Prima ancora di tale pronuncia (cui si è recentemente uniformata:

Cass. sez. lav. 16 marzo 2009 n. 6335) e nel medesimo spirito, Cass. 19 giugno 2006 n. 14087, nell’interpretare l’art. 410 c.p.c., comma 2 – secondo cui la comunicazione della richiesta di tentativo di conciliazione interrompe la prescrizione e sospende, per la durata del tentativo medesimo e per i venti giorni successivi alla sua conclusione, il decorso di ogni termine di decadenza – ha affermato che la sospensione del termine di decadenza per l’impugnazione del licenziamento si produce col deposito dell’istanza di tentativo di conciliazione contenente l’impugnativa, essendo viceversa irrilevante, in quanto estraneo alla sfera di controllo del lavoratore, il momento della comunicazione da parte dell’ufficio del lavoro al datore di lavoro della data di convocazione per svolgere il tentativo di conciliazione (in precedenza, contra, Cass. 18 ottobre 2005 n. 20153).

Si è così determinato all’interno della sezione di lavoro un conflitto, sollecitato da nuovi orientamenti in dottrina nonchè dalle pronunce della Corte costituzionale citate, su di un tema che appare di particolare importanza sia per la rilevanza degli interessi coinvolti, sia per le possibili ricadute in settori diversi da quello del diritto del lavoro, da cui deriva l’opportunità di una trattazione dello stesso da parte delle sezioni unite di questa Corte.

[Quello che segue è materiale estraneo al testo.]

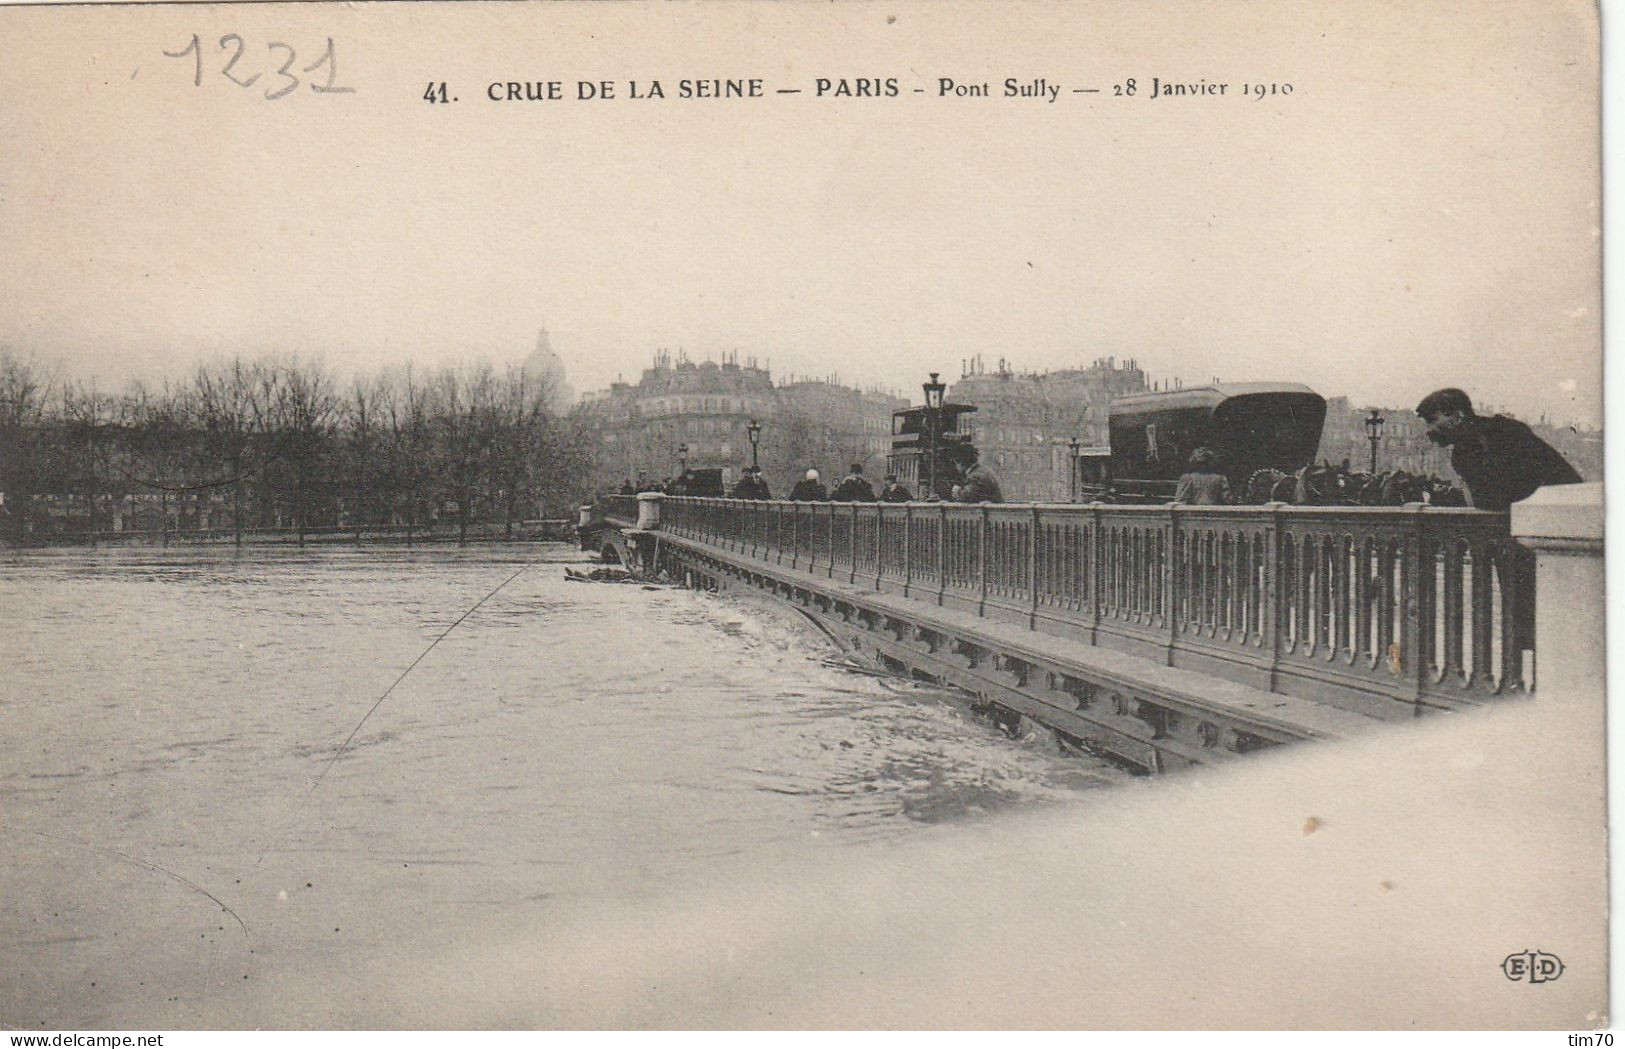 PARIS    CRUE DE LA  SEINE 29 JANVIER  1910   PONT  DE SULLY  28  JANVIER - Paris Flood, 1910

Si dispone pertanto la trasmissione degli atti al Primo Presidente della Corte, per l’eventuale assegnazione della causa alle sezioni unite per la risoluzione del contrasto rilevato.

P.Q.M.

La Corte rinvia la causa al Primo Presidente per l’eventuale assegnazione alle sezioni unite perchè considerino il divario tra quanto affermato nella sentenza di questa sezione 4 settembre 2008 n. 22287 e l’annosa giurisprudenza di questa Corte relativa alla comunicazione degli atti ricettivi. Rinvia pertanto la causa a nuovo ruolo.